# boolean algebra

#### ann

Joined Feb 15, 2008
14
Can this boolean algebra be reduced further? f=/cd+/ab+/a/c+a/bcd

#### Dave

Joined Nov 17, 2003
6,960
Yes.

Double NOT the function (this doesn't change the function), so: f=//(/cd+/ab+/a/c+a/bcd).

Have a go and post up your efforts, I'll give you some feedback.

Dave

#### ann

Joined Feb 15, 2008
14
I did the boolean algebra again this time using k maps and realized I had made a mistake in reducing my equation. The reduced one now is /CD+/AB+/A/C+A/BD and I don't think this can be reduced further. Can it?

#### Dave

Joined Nov 17, 2003
6,960
I did the boolean algebra again this time using k maps and realized I had made a mistake in reducing my equation.
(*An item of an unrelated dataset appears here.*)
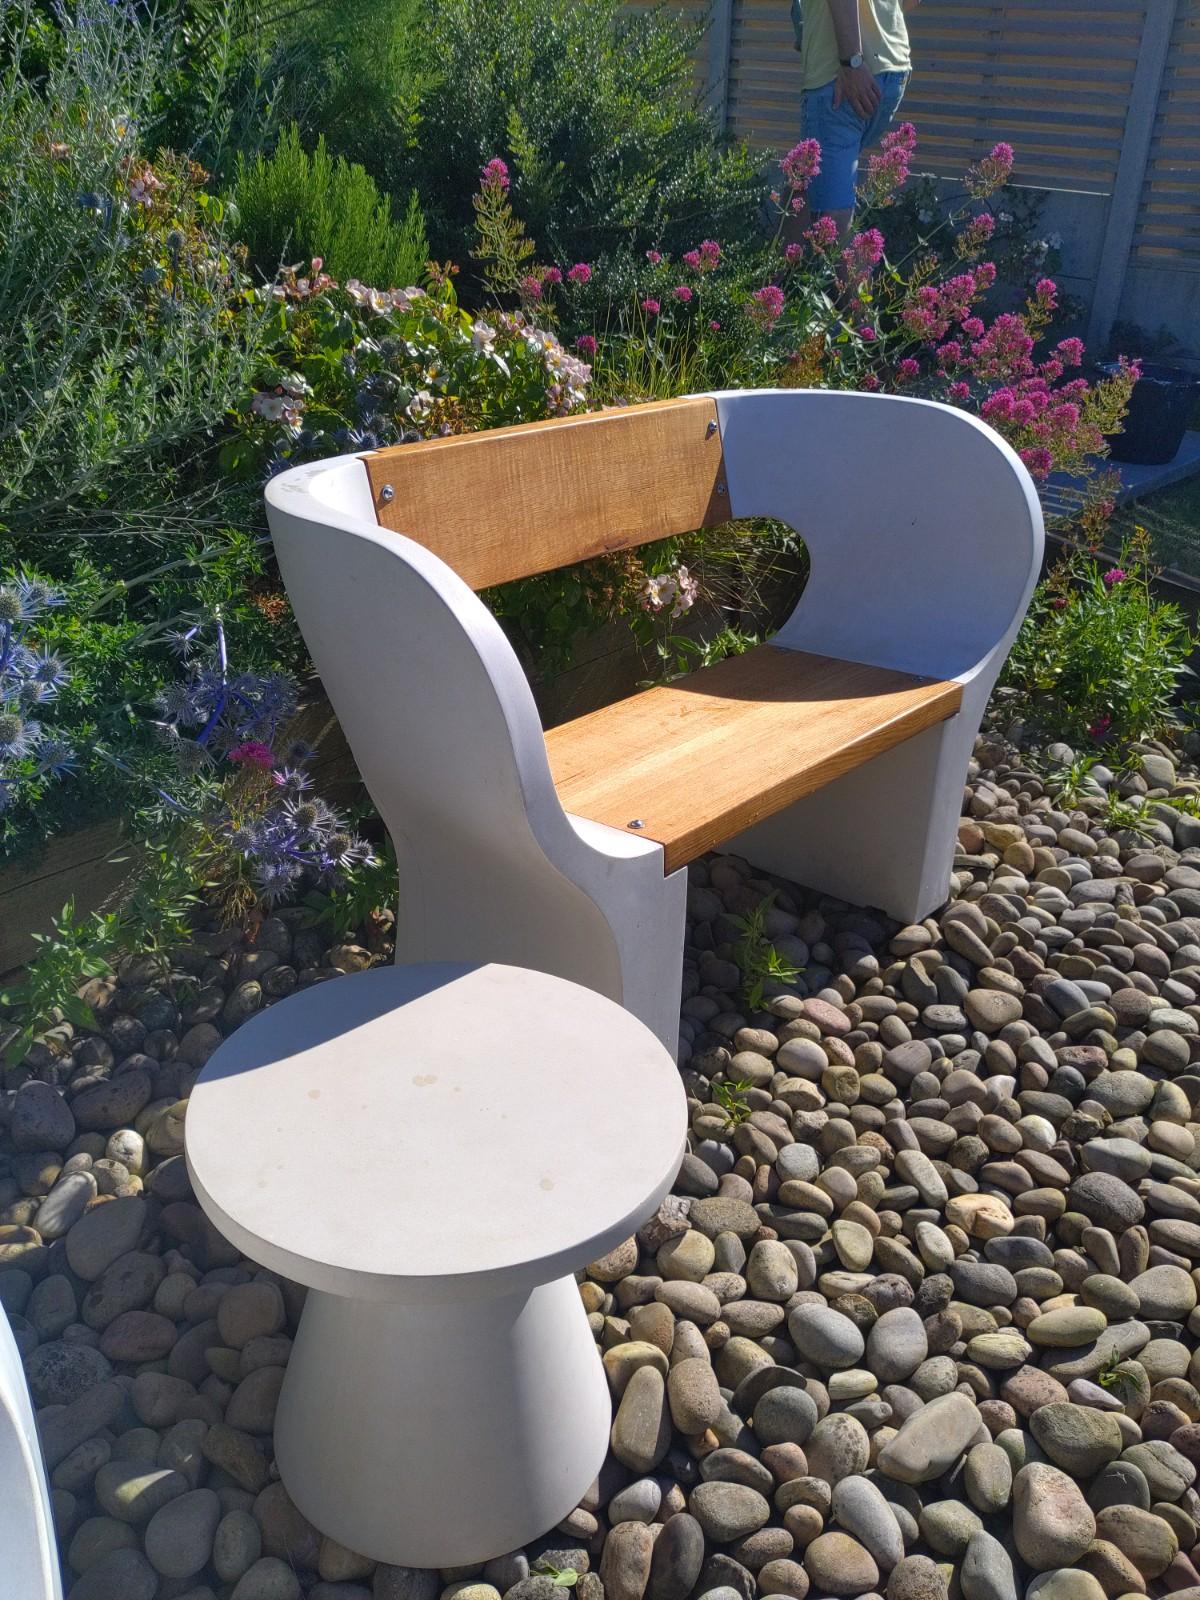 This striking sculptural concrete outdoor bench is handcrafted in the UK and is the perfect for every garden, balcony or roof terrace. It is made out of glass-reinforced concrete and European oak.

The Snug bench available in three widths, 120cm,

The reduced one now is /CD+/AB+/A/C+A/BD and I don't think this can be reduced further. Can it?
Sorry I missed this one. Feel free to PM to remind me in future.

Without your working out I cannot give you any feedback on your answer, but I simplified it to:

f = (ABCD)'

(Note I use ' to denote NOT/INVERTED)

I used the two techniques I told you about above. How?

f = (CD)' + (AB)' + (A'B') + (AB'CD)

Double NOT (this doesn't change the function):

f = ((CD)' + (AB)' + A'B' + AB'CD)''

Take out a common factor in the last two terms:

f = ((CD)' + (AB)' + B'( A' + ACD))''

Apply DeMorgan's theorem:

f = ((CD)''(AB)''(B'(A' + ACD))')'

(CD)'' = CD; (AB)'' = AB; so:

f = (CDAB(B'(A' + ACD))')'

Apply DeMorgan's theorem on (B'(A' + ACD))':

f = (CDAB(B'' + (A' + ACD)'))'

B'' = B

Apply DeMorgan's theorem on (A' + ACD)':

f = (CDAB(B + (A''(ACD)')))'

A'' = A

Apply DeMorgan's theorem on (ACD)':

f = (CDAB(B + (A(A' + C' + D'))))'

Multiply out (A(A' + C' + D'):

f = (CDAB(B + (AA' + AC' + AD')))'

AA' = 0

f = (CDAB(B + AC' + AD'))'

Multiply everything out:

f = (CDABB + CDABAC' + CDABAD')'

BB = B; CC' = 0; DD' = 0; therefore

f = (CDAB)' = (ABCD)'

Not easy eh?!

Dave